JAE is correct. The 76 mph wind speed appears to be service-level wind, not ultimate. The 0.6 factor should not be applied. I should have checked my math before posting. Sorry about that.
 
That was the direction I was leaning....would I also take off the 0.6 on the dead load in the ASD equations? Or just simply use the ASD combos from the ASCE 7-05 code?
 
Queue rant about load and importance factors being included in windspeed maps.. It only leads to confusion about what is actually going on "behind the scenes". That being said, I should have checked myself before posting.

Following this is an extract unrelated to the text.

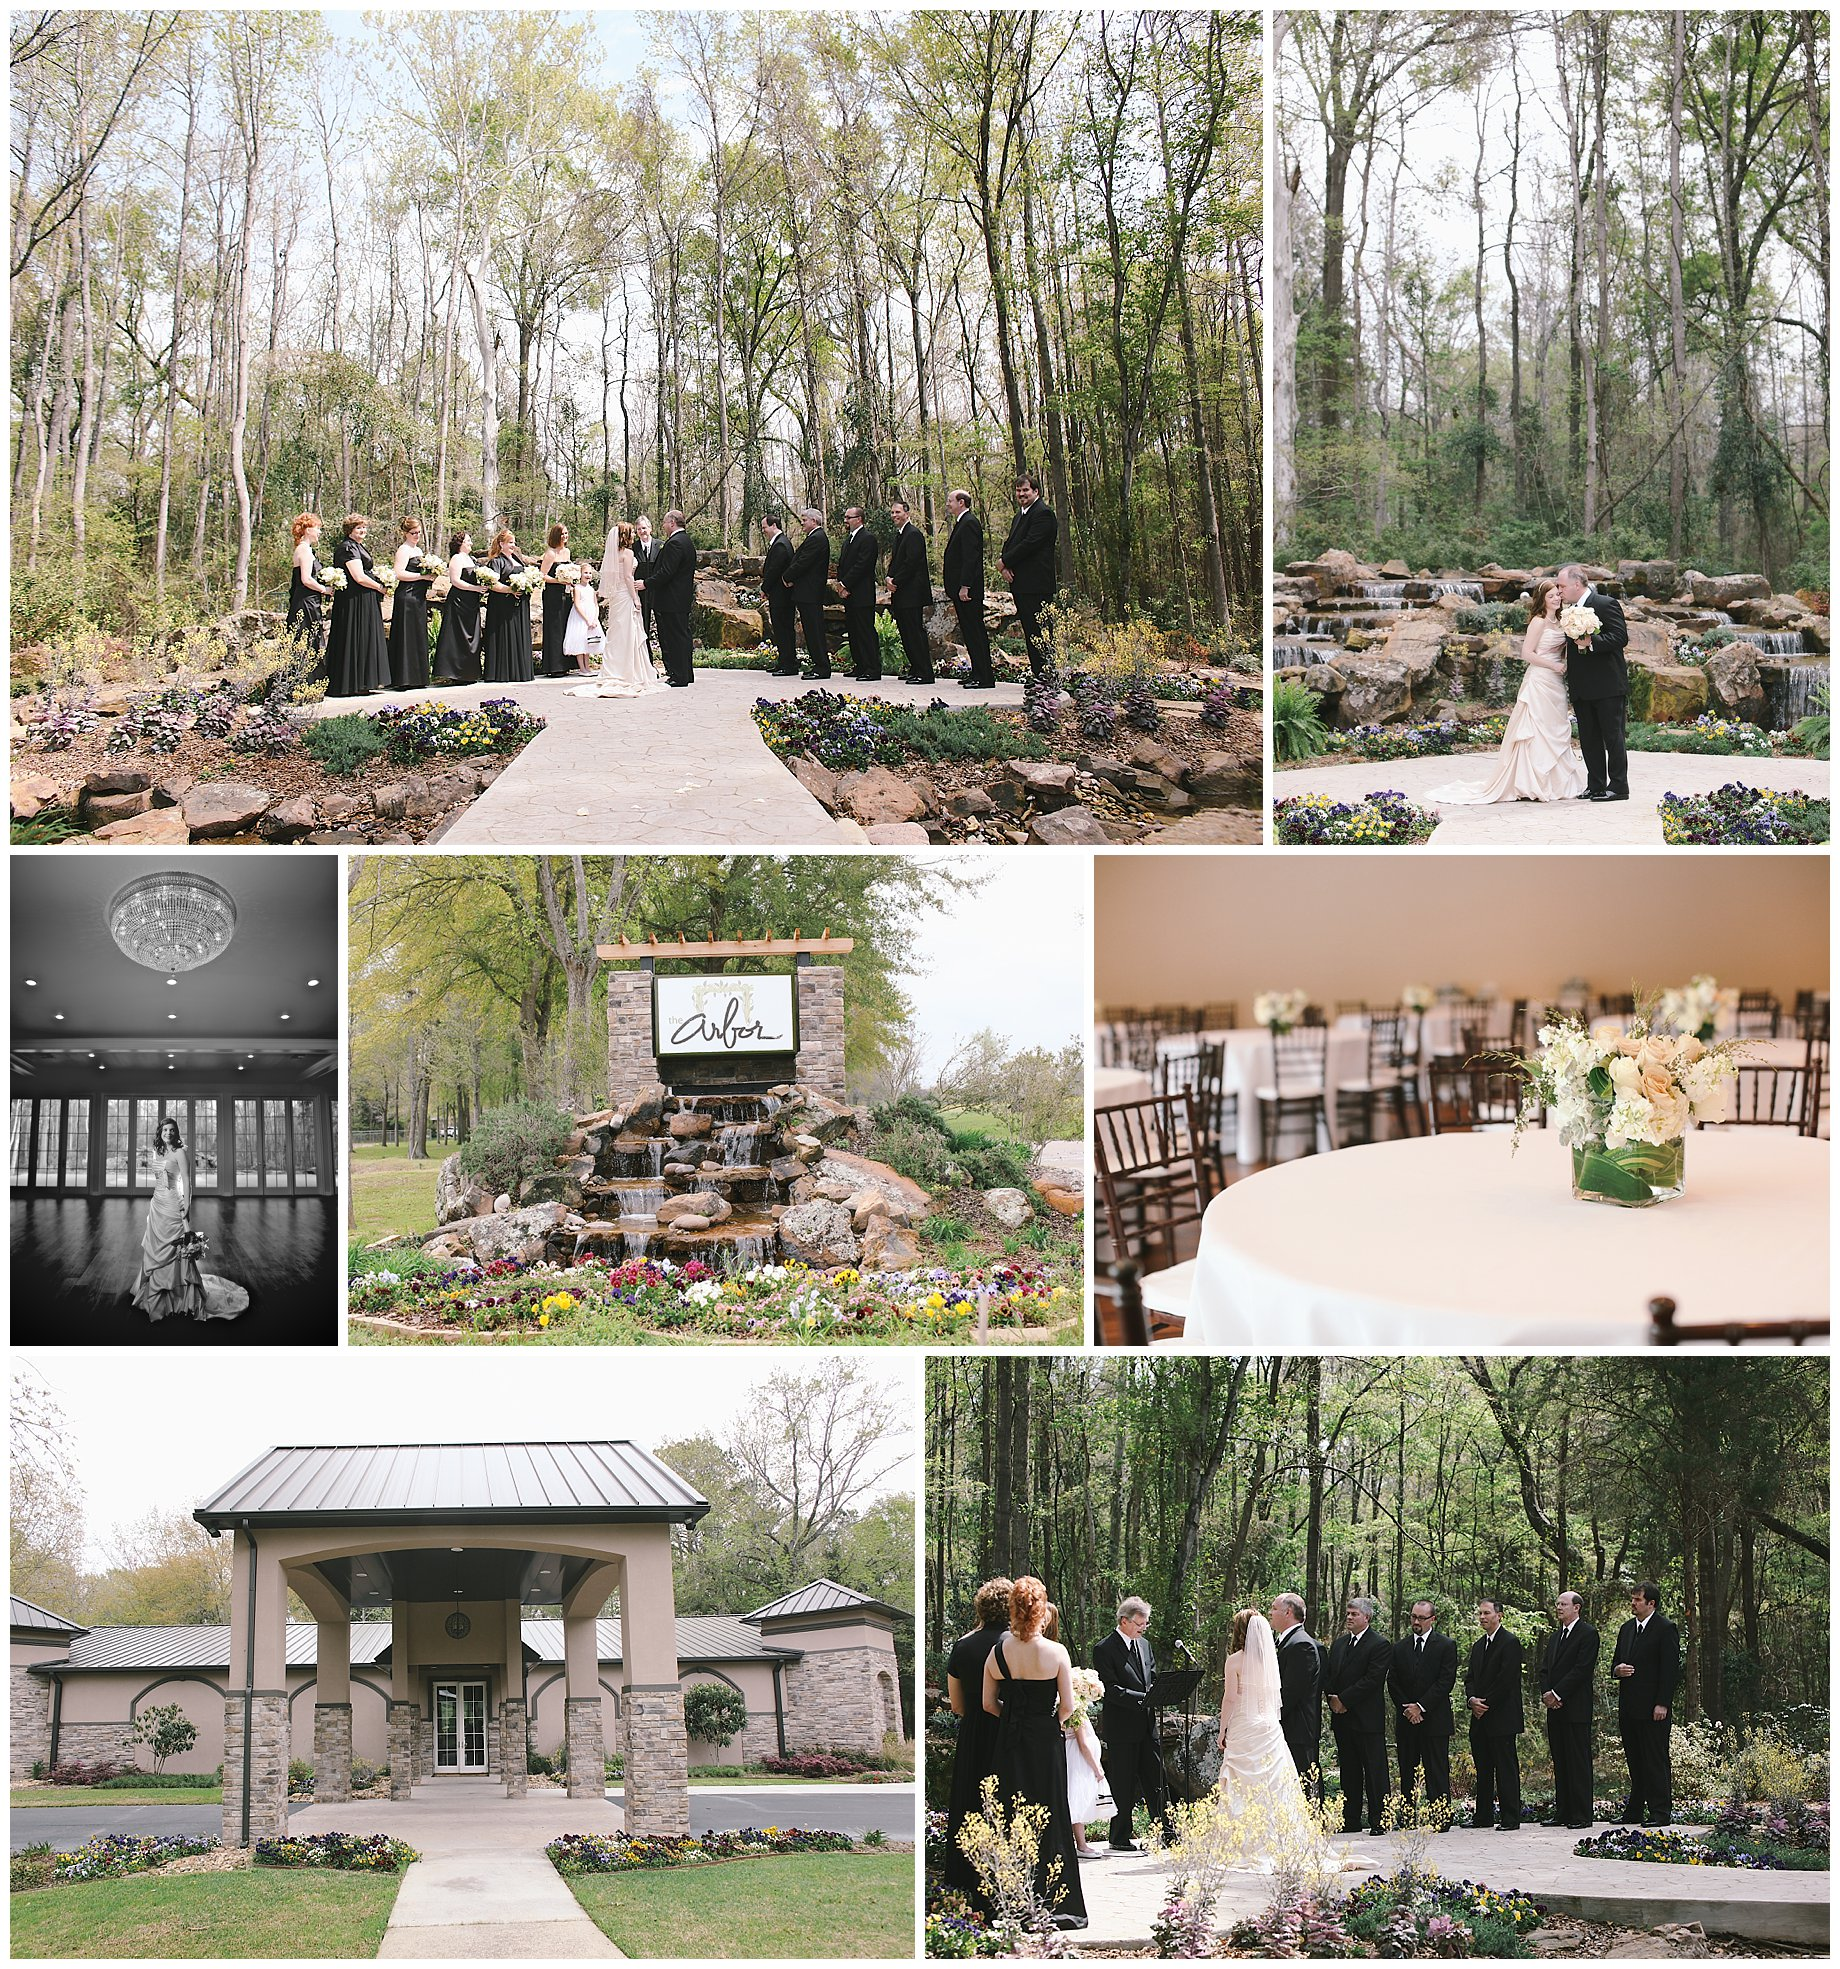 top-10-east-texas-wedding-venues-arbor-01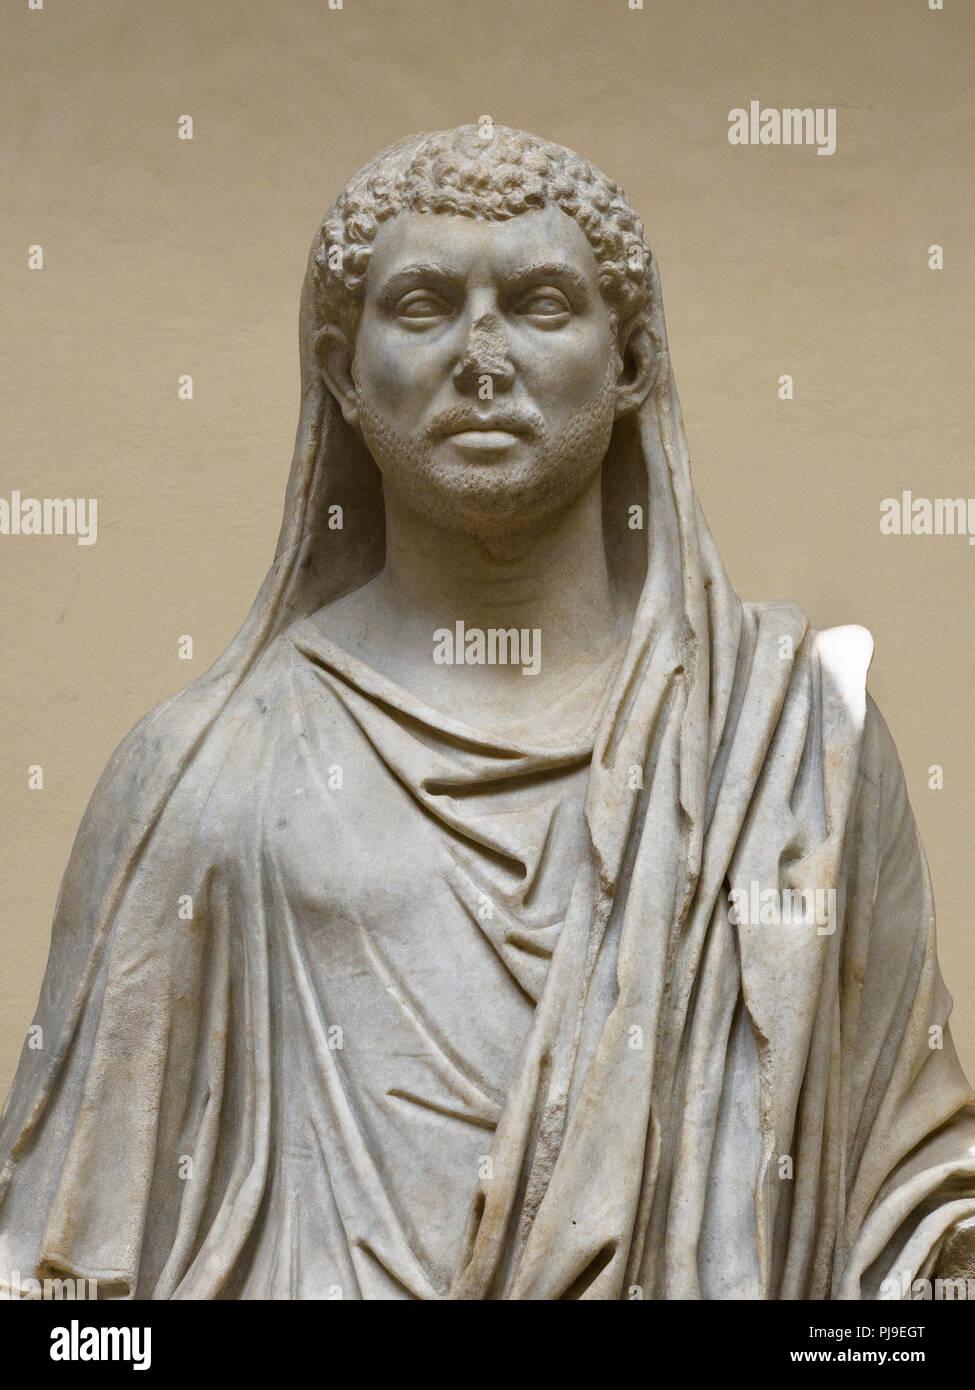 Rome. Italy. Portrait Statue of Roman emperor Maxentius, 4th century A.D. Museo Archeologico Ostiense, Ostia Antica. - Stock Image

Personally, I still apply a 0.7 factor to my service-level wind loads from design for deflection and drift checks to arrive at 10 year wind pressure. (This adjusts for 10 yr wind but leaves the importance factor in the wind pressures - generally conservative but not overly so).
 
For the overturning/uplift check you'd still want to keep the 0.6D in the load combination (i.e. 0.6D + 1.0W)
That provides an inherent safety factor of about 1.5 on overturning.